Overshoot: The Ecological Basis of Revolutionary Change
- Author: William R. Catton Jr.
- Language: English
- Subject: Demography, ecology, sociology
- Genre: Essay
- Publisher: University of Illinois Press
- Publication date: 1980
- Pages: 298
- ISBN: 0252009886
- OCLC: 16587666

= Overshoot (book) =

1980 non-fiction book by William R. Catton

Overshoot: The Ecological Basis of Revolutionary Change is a book by American sociologist William R. Catton Jr. The book is divided into several parts and discusses how humanity's overexploitation of Earth's resources has led to human consumption exceeding the planet's capacity for regeneration.

== Background ==

Catton began writing the manuscript that would become this book during a three-year post as Professor of Sociology at the University of Canterbury in Christchurch, New Zealand, then returned to his home country in 1973 as Professor of Sociology at Washington State University. During this period, Catton, in collaboration with fellow scholar Riley E. Dunlap, produced a series of articles on ecological issues.

==Summary==
The book argues in favour of a new perspective on the exploitation of resources, which it holds threatens future generations, and calls for questioning established ways of thinking in favor of greater environmental awareness.

It describes what the author terms "the tragic story of human success": a period of rapid population growth and technological innovation that pushed humanity beyond the planet's carrying capacity.

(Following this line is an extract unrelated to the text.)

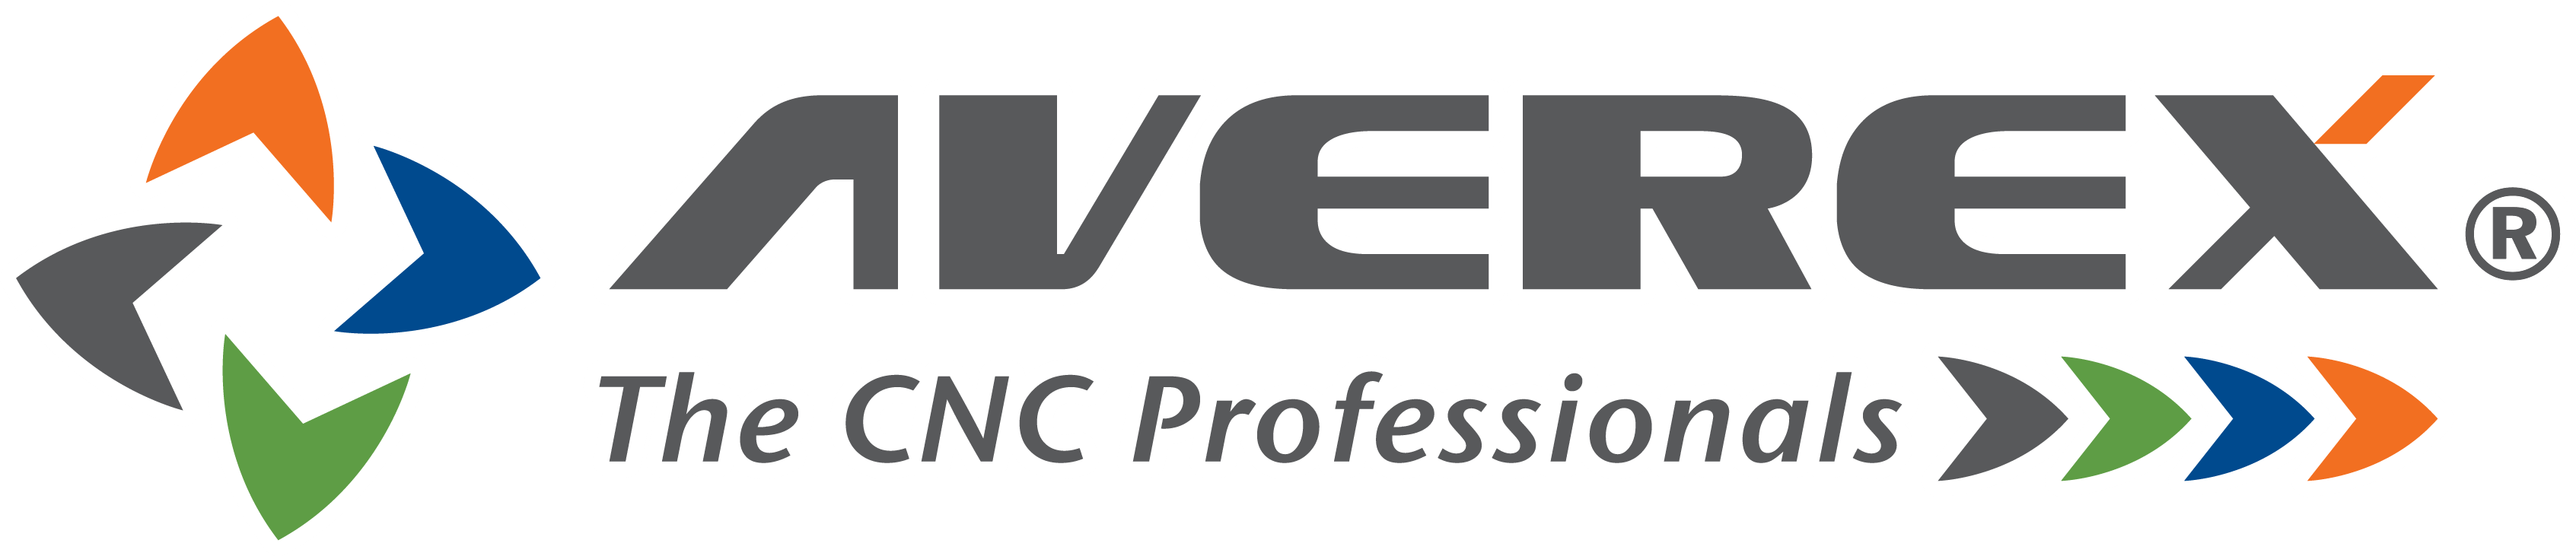 AVEREX (The CNC Professionals)
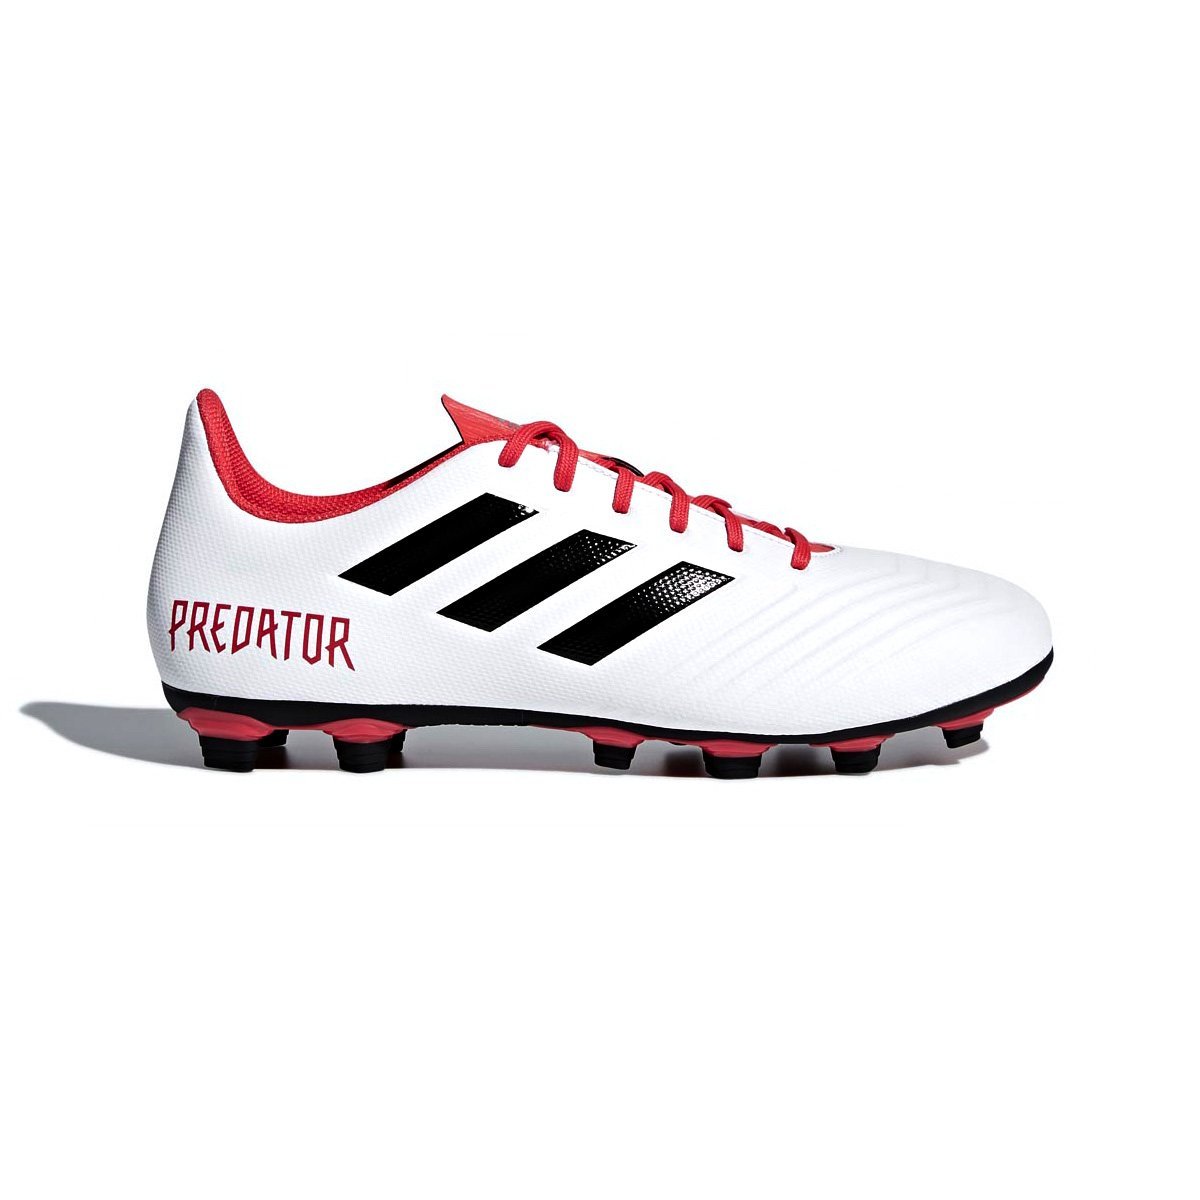 Calzado Soccer Predator 18.4 Fxg Adidas - Caballero

The book contends that this overshoot has been worsened by technological advances and a culture of abundance, and describes a decline from what the author terms "the Age of Exuberance", a period when abundance and liberty rested on now-eroding ecological conditions.

It examines the ecological causes of this decline, drawing on Malthus's 1798 Essay on the Principle of Population, the history of tool use, and the Industrial Revolution. Malthus argued that populations grow exponentially while subsistence grows only linearly, producing food shortages once a population's biotic potential exceeds its habitat's carrying capacity.

== Reception ==

Robert Wisniewski, reviewing the book for the Humboldt Journal of Social Relations, called it intellectually demanding but valuable for readers willing to engage with its ecological argument about an impending population decline.

Anne Ehrlich, in the Bulletin of the Atomic Scientists, called it "required reading for decision makers."

In Derrick Jensen's 1995 book Listening to the Land, he introduced his interview with Catton using a passage from Overshoot: "In a future that is as unavoidable as it will be unwelcome, survival and sanity may depend upon our ability to cherish rather than to disparage the concept of human dignity."

Dave Foreman, cofounder of Earth First! and Wild Earth magazine, called Overshoot one of the most important books he had read and Catton one of his greatest teachers.

Tom Butler, a former Wild Earth editor, dedicated his 2015 book Overdevelopment, Overpopulation, Overshoot to Catton, describing him as a "peerless teacher on the perils of overshoot."

In a 2023 review, Paul Mobbs argued that Overshoot is less about the ecological processes of overshoot and collapse than about how humans collectively respond to them.